Sato Tatsuya, Yonezawa Ikuho, Onda Shingo, Yoshikawa Kei, Takano Hiromitsu, Shimamura Yukitoshi, Okuda Takatoshi, Kaneko Kazuo
Department of Orthopedic Surgery, Juntendo University School of Medicine, Tokyo, Japan.
Medicine (Baltimore). 2017 Sep;96(36):e7895. doi: 10.1097/MD.0000000000007895.
A hyperlordosis deformity of the lumbar spine is relatively rare, and surgical treatment has not been comprehensively addressed. In this case report, we describe the clinical presentation, surgical treatment, and medium-term follow-up of a patient presenting with a progressive lumbar hyperlordosis deformity after resection of a spinal lipoma associated with spina bifida.
The patient was a 20-year-old woman presenting with a progressive hyperlordosis deformity of the lumbar spine associated with significant back pain (visual analog pain score of 89/100 mm), but with no neurological symptoms.

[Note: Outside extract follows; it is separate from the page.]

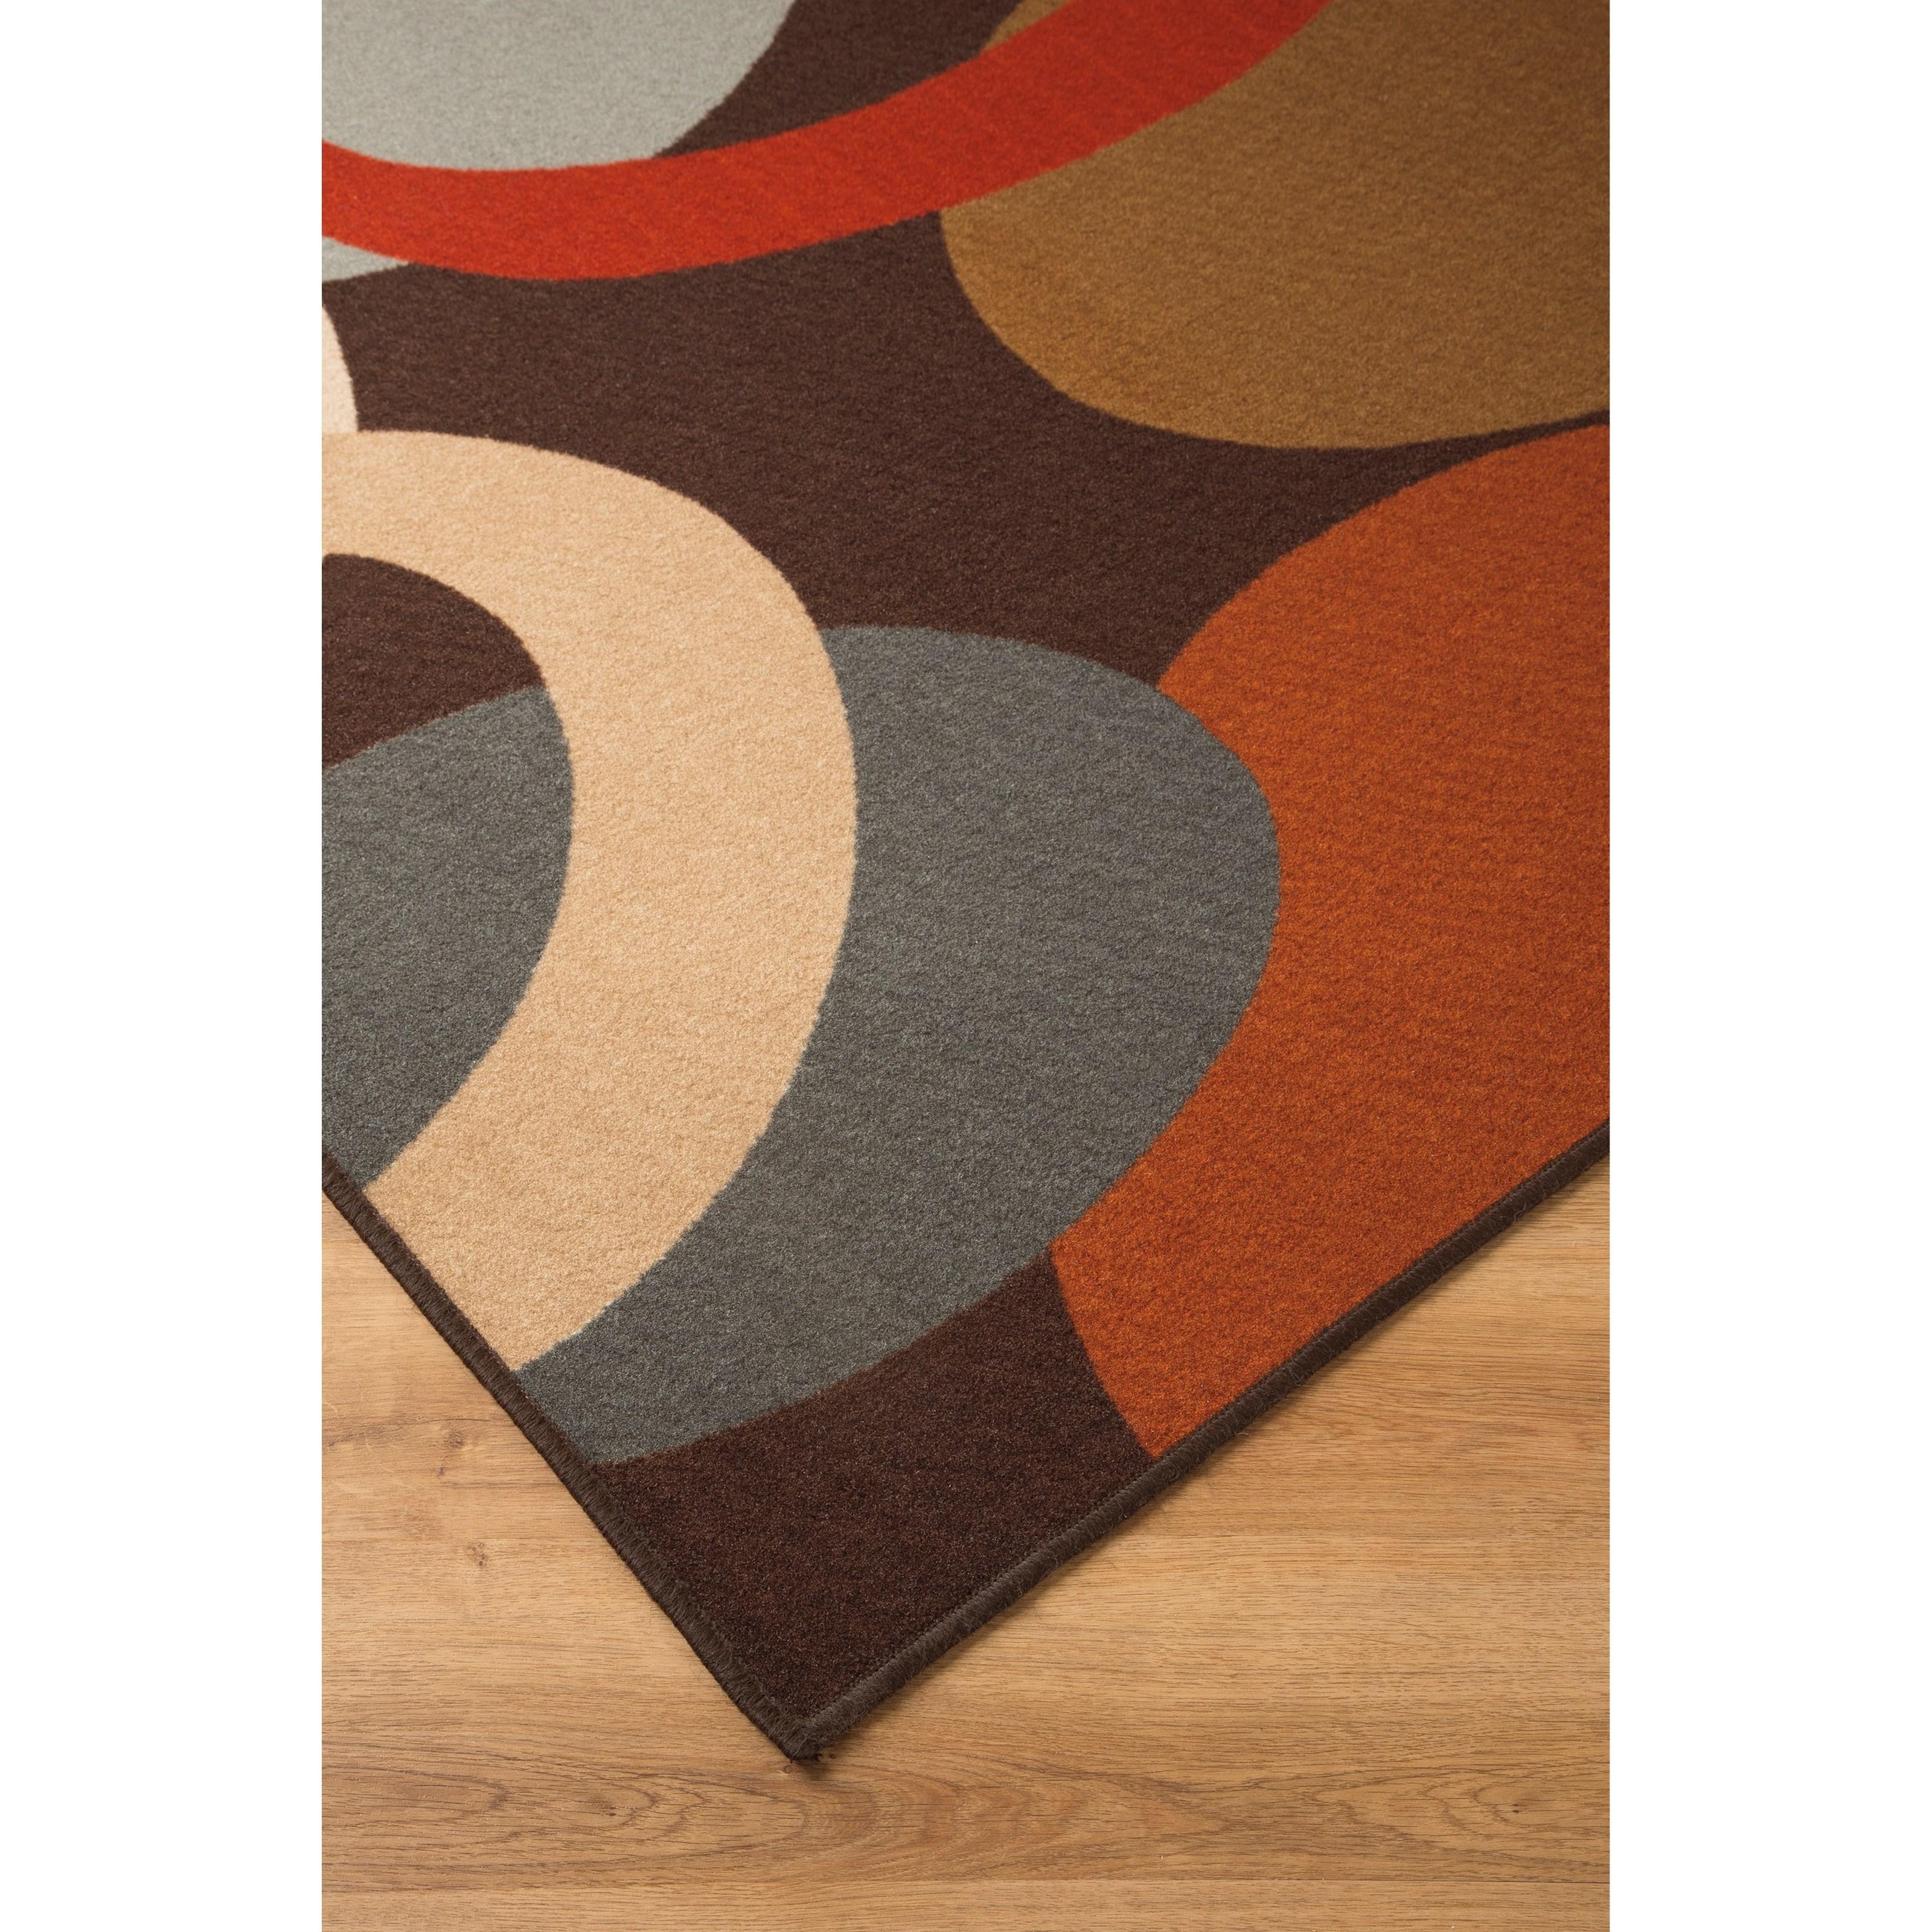 Signature Design By Ashley Contemporary Area Rugs R335002 Acciai Brown Blue Medium Rug Becker

The lumbar lordosis (LL), measured on standing lateral view radiographs, was 114°, with a sagittal vertical axis (SVA) of -100 mm. The patient had undergone excision of a lipoma, associated with spina bifida of the lumbar spine, at 7 months of age.She was first evaluated at our hospital at 18 years of age for progressive spinal deformity and lumbago.

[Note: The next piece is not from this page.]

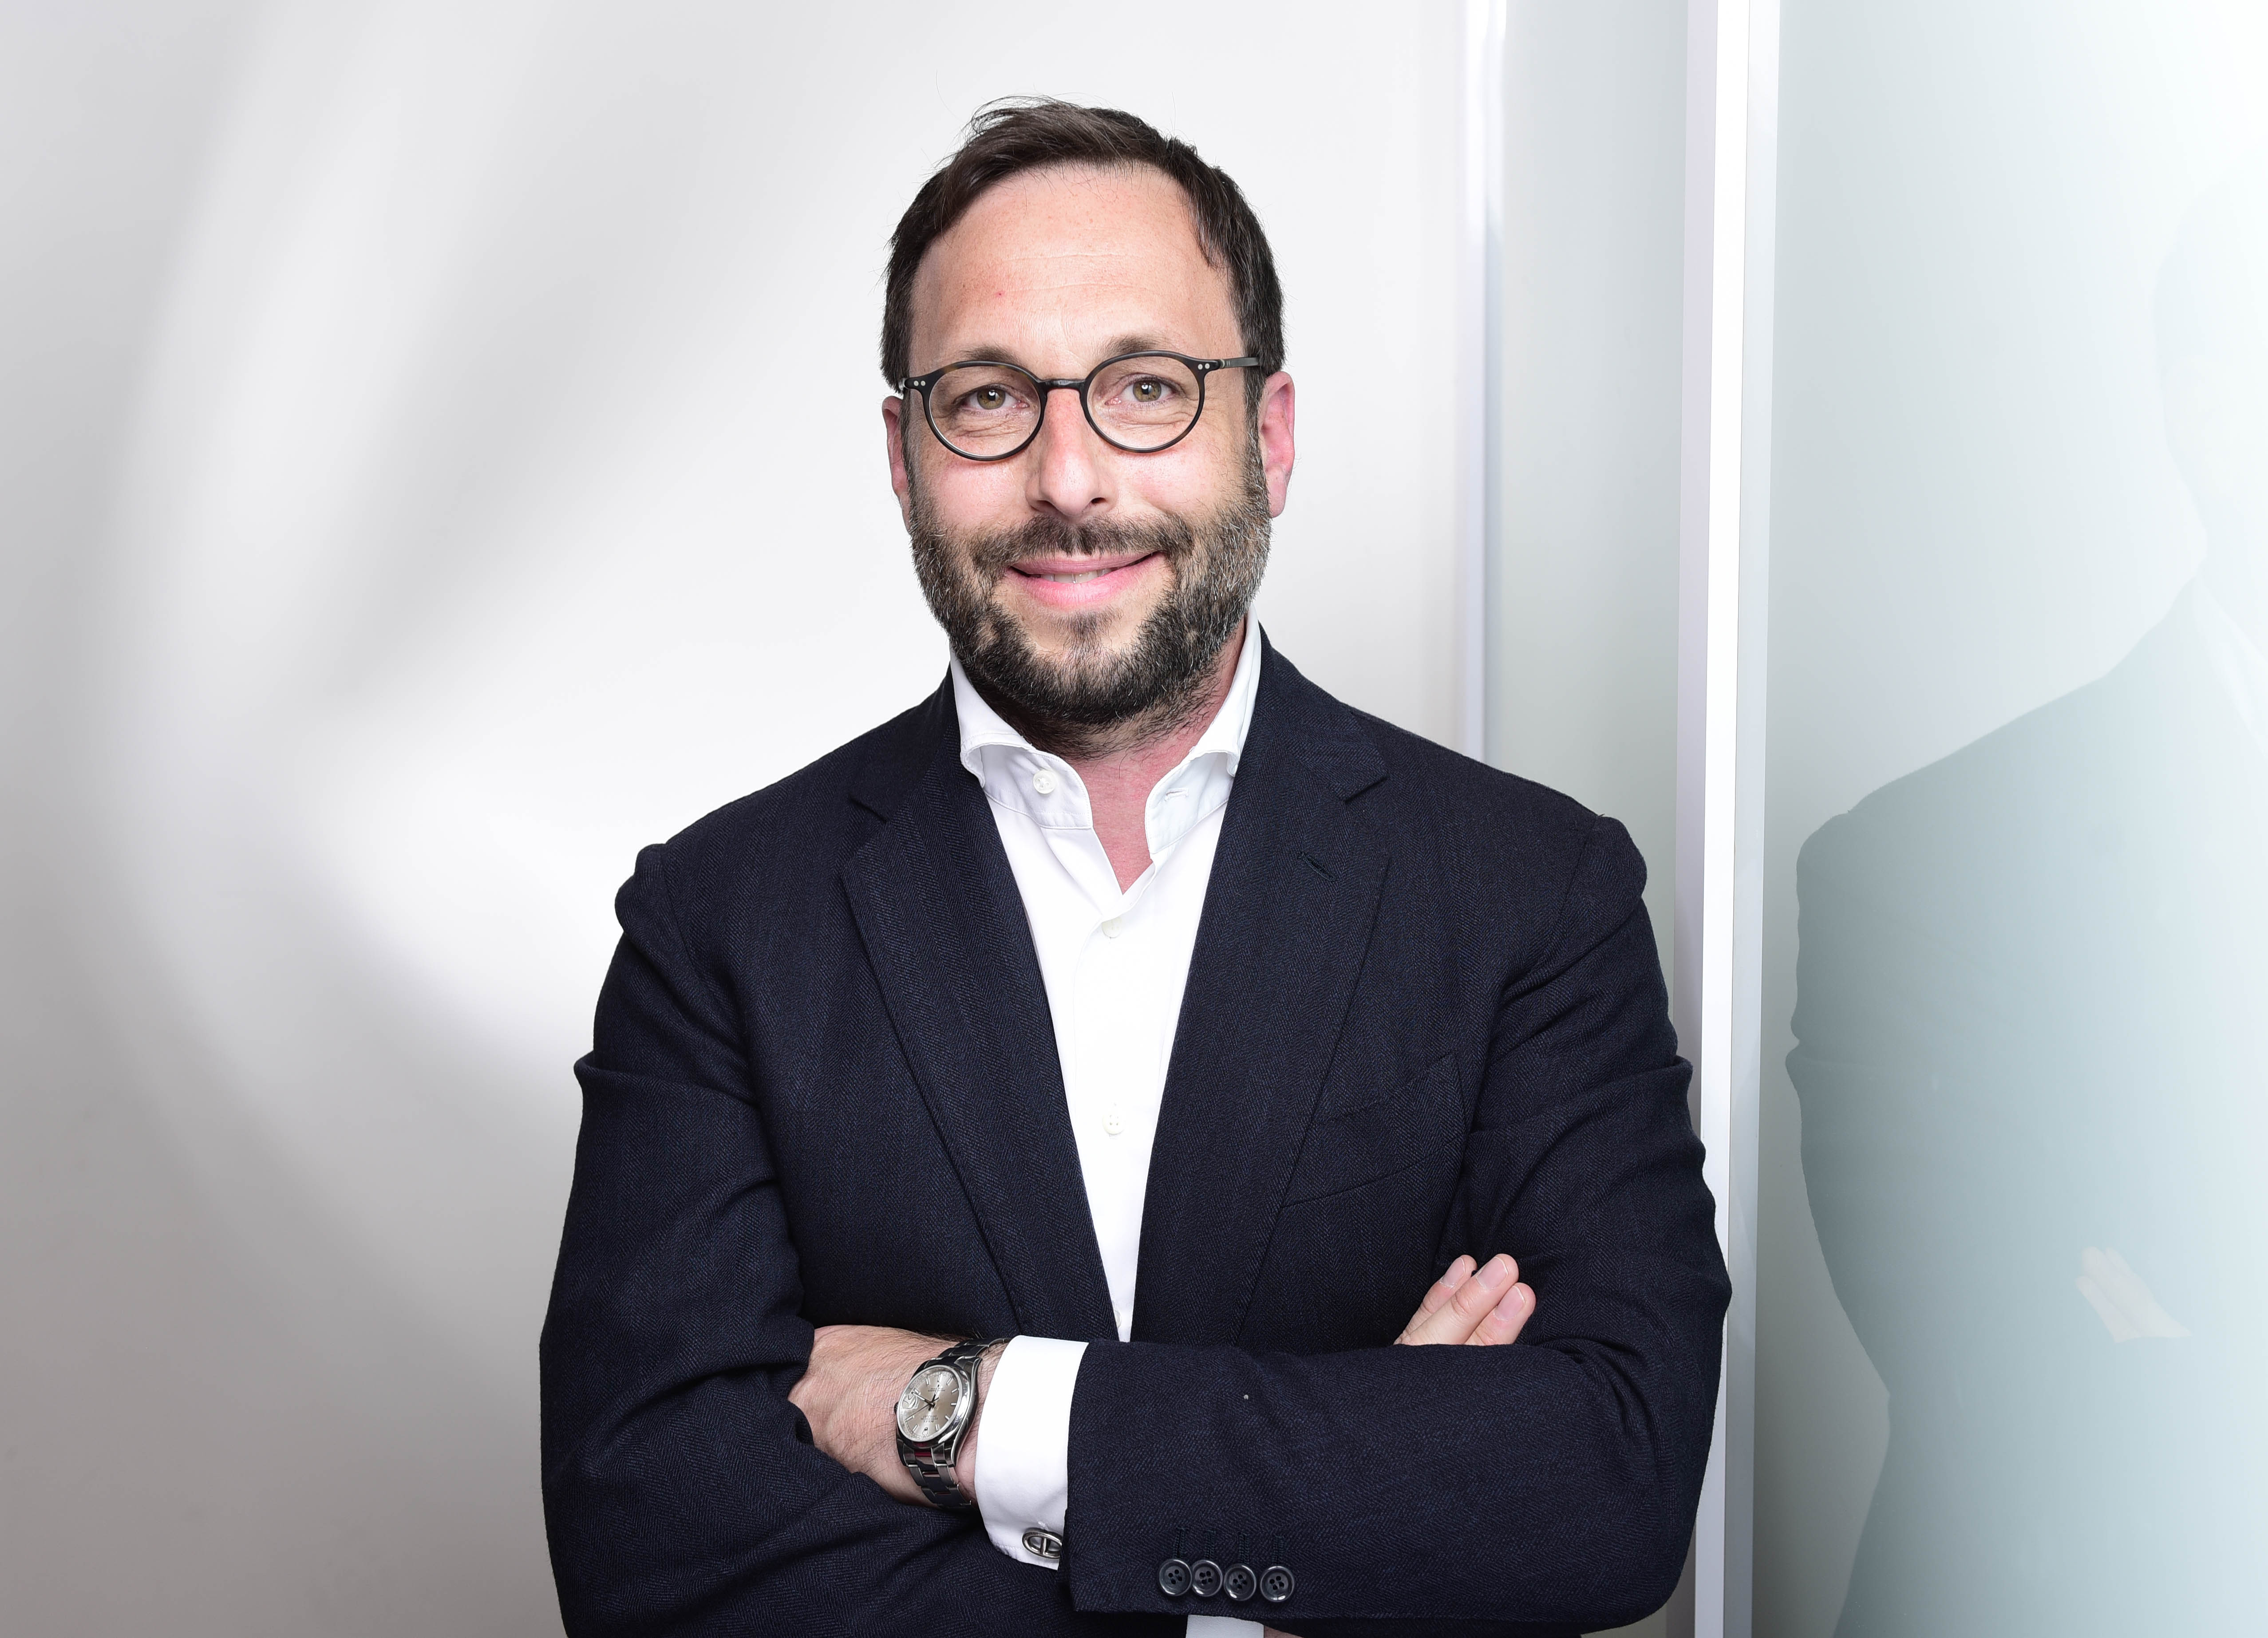 Christoph Bregulla

An in situ fusion, from T5 to S1, using pedicle screws with bone graft obtained from the iliac crest, was performed.
Postoperatively, the LL decreased to 93°, and the SVA decreased to -50 mm. The decision to not correct the hyperlordosis deformity fully was intentional. Seven years and 1 month postsurgery, the patient had no limitations in standing and walking and reported a pain score of 8/100 mm; there was no evidence of a loss of correction.
Lumbar hyperlordosis after resection of a spinal lipoma associated with spina bifida is rare. Posterior fixation provided an effective treatment in this case. As the lumbar hyperlordosis deformity is often high, correction can be difficult. In this case, although the correction and fusion were performed in situ, there was no progression of either the deformity or the lumbago. Early detection remains an essential component of effective treatment, allowing correction when the spinal deformity is easily reversible.
腰椎前凸畸形相对少见,手术治疗尚未得到全面探讨。在本病例报告中,我们描述了一名患者的临床表现、手术治疗及中期随访情况,该患者在切除与脊柱裂相关的脊髓脂肪瘤后出现进行性腰椎前凸畸形。
患者为一名20岁女性,表现为腰椎进行性前凸畸形,伴有严重背痛(视觉模拟疼痛评分89/100mm),但无神经症状。
站立位侧位X线片测量的腰椎前凸(LL)为114°,矢状垂直轴(SVA)为-100mm。患者7个月大时接受了与腰椎脊柱裂相关的脂肪瘤切除术。她18岁时因进行性脊柱畸形和腰痛首次在我院接受评估。
采用取自髂嵴的骨移植,使用椎弓根螺钉进行从T5至S1的原位融合。
术后,LL降至93°,SVA降至-50mm。不完全矫正前凸畸形是有意决定的。术后7年1个月,患者站立和行走无限制,疼痛评分为8/100mm;无矫正丢失的证据。
与脊柱裂相关的脊髓脂肪瘤切除术后的腰椎前凸罕见。后路固定在本病例中提供了有效的治疗。由于腰椎前凸畸形通常较高,矫正可能困难。在本病例中,尽管原位进行了矫正和融合,但畸形和腰痛均未进展。早期发现仍然是有效治疗的重要组成部分,以便在脊柱畸形易于逆转时进行矫正。